Unnamed: 0,place,count
0,Mauricio,42
1,Buenos Aires,12
2,Colombe,5
3,Francia,4
4,Burdeos,4
5,Senegal,4
6,Rio Janeiro,4
7,Gran Hotel,3
8,Europa,2
9,Pouillac,2


## Get NER in Context

In [14]:
from IPython.display import Markdown, display
import re

def get_ner_in_context(keyword, document, desired_ner_labels= False):
    
    if desired_ner_labels != False:
        desired_ner_labels = desired_ner_labels
    else:
        desired_ner_labels = ['PER', 'ORG', 'LOC']  
        
    #Iterate through all the sentences in the document and pull out the text of each sentence
    for sentence in document.sents:
        #process each sentence
        sentence_doc = nlp(sentence.text)
        for named_entity in sentence_doc.ents:
            #Check to see if the keyword is in the sentence (and ignore capitalization by making both lowercase)
            if keyword.lower() in named_entity.text.lower()  and named_entity.label_ in desired_ner_labels:
                #Use the regex library to replace linebreaks and to make the keyword bolded, again ignoring capitalization
                #sentence_text = sentence.text
            
                sentence_text = re.sub('\n', ' ', sentence.text)
                sentence_text = re.sub(f"{named_entity.text}", f"**{named_entity.text}**", sentence_text, flags=re.IGNORECASE)

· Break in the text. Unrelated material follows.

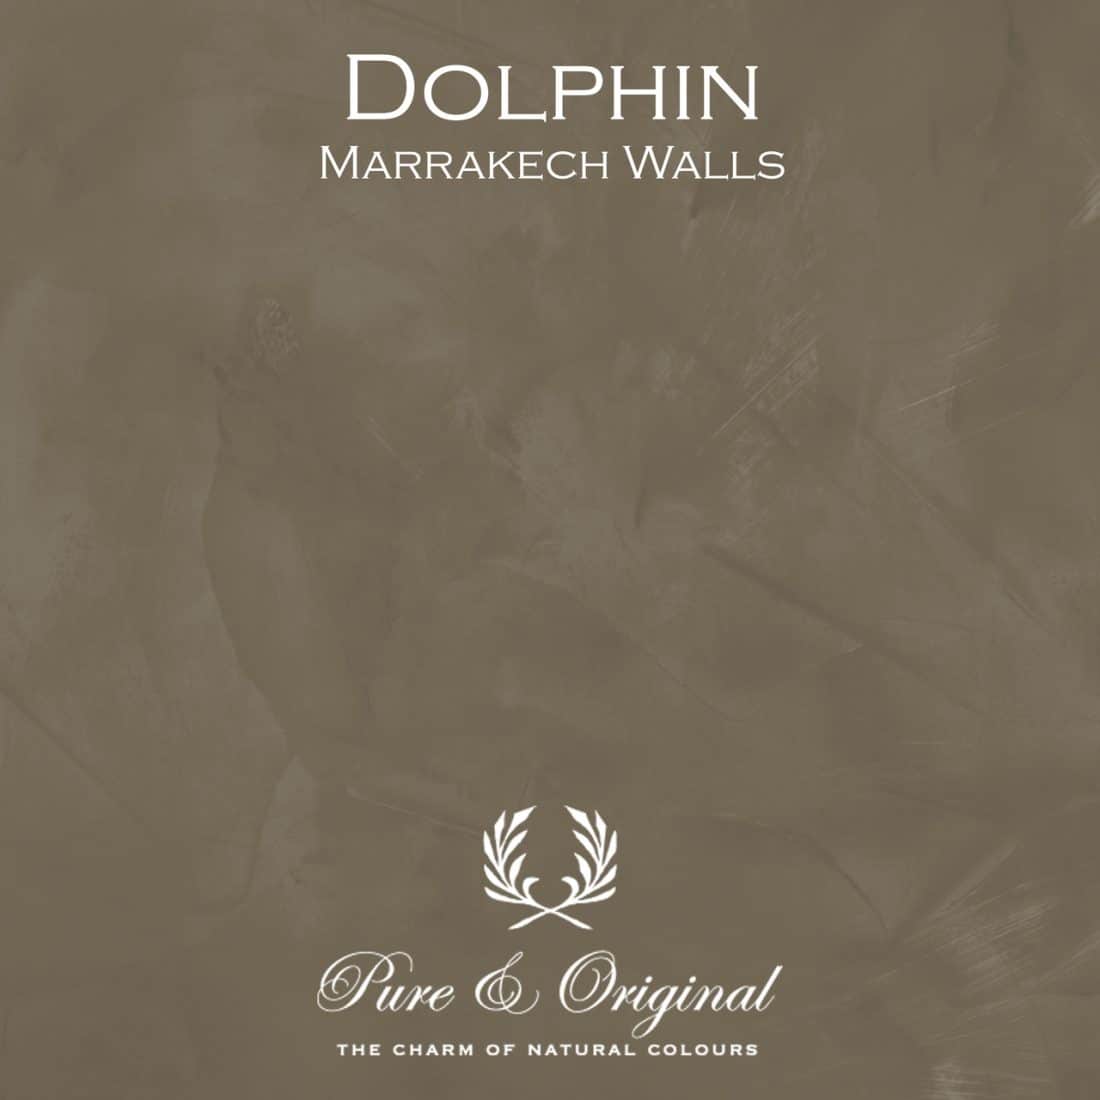 Dolphin Marrakech Walls Pure Original

                display(Markdown('---'))
                display(Markdown(f"**{named_entity.label_}**"))
                display(Markdown(sentence_text))

In [15]:
for document in chunked_documents:
    get_ner_in_context('Francia', document)

---

**LOC**

Por dicha suya fué el «bello país de **Francia**,» la hospitalaria Paris, el lugar de su destierro.  

---

**LOC**

Sin embargo, Mauricio amaba tambien la **Francia**.  

---

**LOC**

Quizá es de **Francia**.

---

**LOC**

--A **Francia**, amada mia, para pedir al sepulcro los restos que lloras y devolverlos á la tierra de la patria.